Удивлялся он тоже по кошачьи – огромные золотистые глаза стали не просто круглыми, а вертикально-овальными…
***
Когда Кэш уходила – промороженная кинжальными высотными ветрами до ломкой звонкости, сорвавшая голос восторженными воплями и ободравшая кожу на ладонях о жёсткую шерсть, в которую приходилось вцепляться на виражах высшего сфинксо-пилотажа, но всё равно счастливая до полного обалдения, — он сказал, немного смущённо отводя глаза:
— Если скажешь кому – голову откушу. Не шучу.
— Я понимаю, — кивнула Кэш, не в силах согнать с лица счастливой улыбки. – Репутация…
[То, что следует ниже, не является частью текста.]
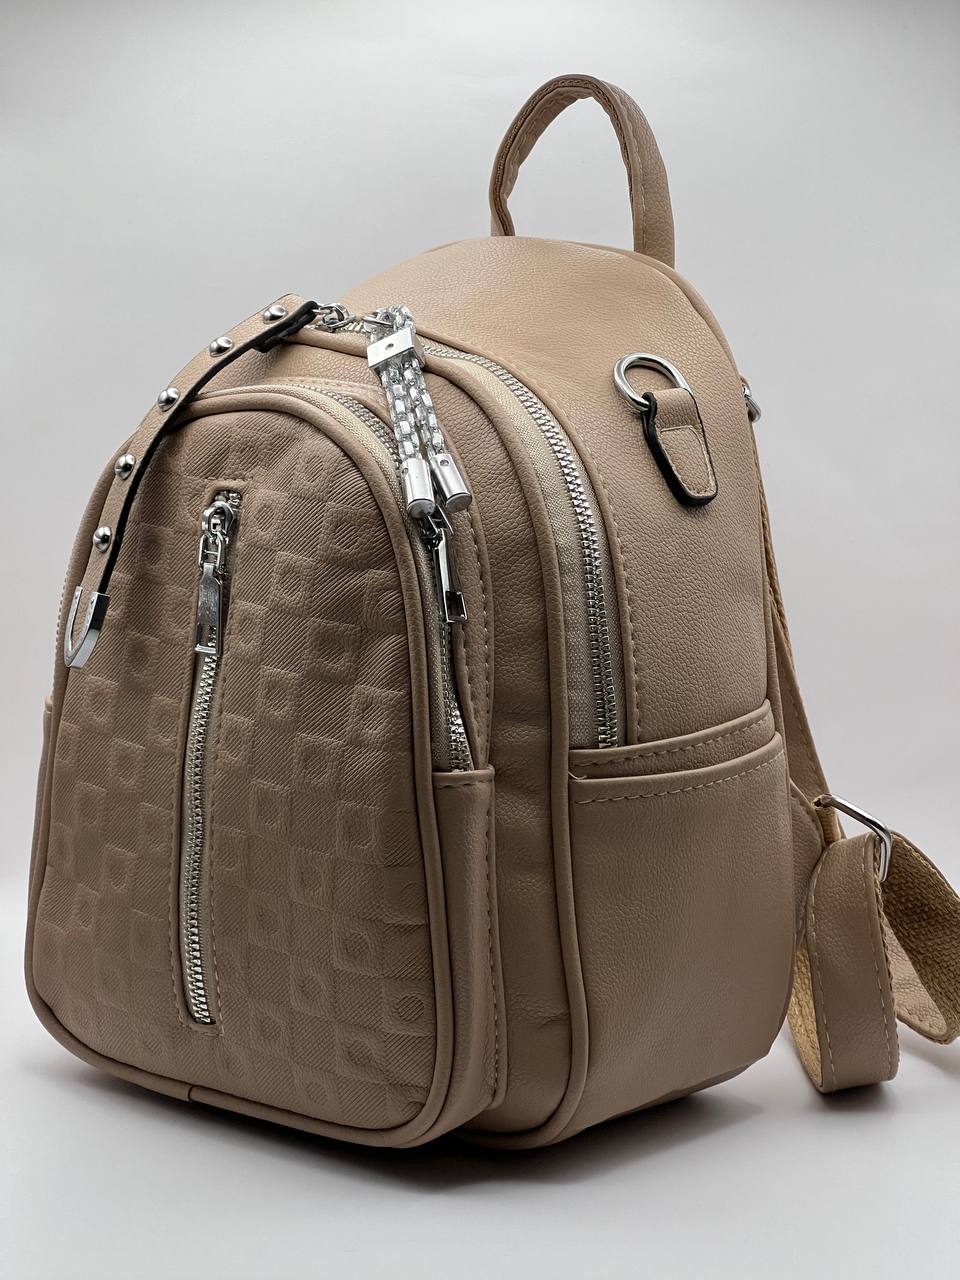 Сумка-рюкзак женская SunGold Р-92010 бежевая, 27х22х12 см

— Ага, — он вздохнул совсем по-человечески. Добавил словно о неважном: — Но ты это, брат-людь… если чё – приходи. Просто так.
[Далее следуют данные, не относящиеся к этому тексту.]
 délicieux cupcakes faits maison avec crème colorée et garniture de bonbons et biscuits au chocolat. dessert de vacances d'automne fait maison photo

— Обязательно! – снова кивнула Кэш. – Только я не брат. Я девочка.
Сказка о контрольном поцелуе
Вторая легенда о фильтрах
Жила-была Джульетта, которая целовала всех подряд. Совершенно бесконтрольно. Вот такая она была необычная – не возводила, в отличие от прочих Джульетт, вокруг поцелуя неприступную крепость условностей, ворота которой заперты на замок огромным ключом, а ключ этот будет выдан лишь одному-единственному счастливчику, сдавшему экзамен на звание настоящего Ромео. Она дарила свои поцелуи любому, кто просил, или даже не просил, а просто проявлял интерес. Дарила небрежно, как дарят выросшие у дороги цветы, сорные и пыльные, сорванные просто так, лишь для того, чтобы было чем занять руки во время скучной прогулки. Дарила легко и быстро, с нетерпеливой улыбкой пробуя губами чужие губы – и отстранялась, не переставая улыбаться, разве что улыбка становилась с каждым разом чуть более растерянной. И вряд ли кто-то догадывался, что так она просто пыталась найти своего Ромео. По запаху. На вкус. Губами, наощупь.
Она не могла отыскать его иначе, поскольку была слепой…
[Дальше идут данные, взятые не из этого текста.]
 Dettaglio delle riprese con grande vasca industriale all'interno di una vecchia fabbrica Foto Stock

Полагаете – так не бывает? Еще как бывает! Они ведь все такие разные, Джульетты. Эта хотя бы красивой была, а сколько на свете кривых, косых, бельмастых или вообще одноглазых Джульетт? А рожи у иных таковы, что поневоле начинаешь сочувствовать тем Ромео, что таки попадутся им под контрольный поцелуй – а ведь наверняка попадутся. От начала времен не случалось еще такого, чтобы настоящая Джульетта не сумела обнаружить, узнать и поцеловать своего Ромео. Хотя бы один раз. Такова их природа, Джульетт, тут уж ничего не поделаешь. И вовсе не потому, что у них слишком много любви, которая распирает, бьет через край и рвется наружу.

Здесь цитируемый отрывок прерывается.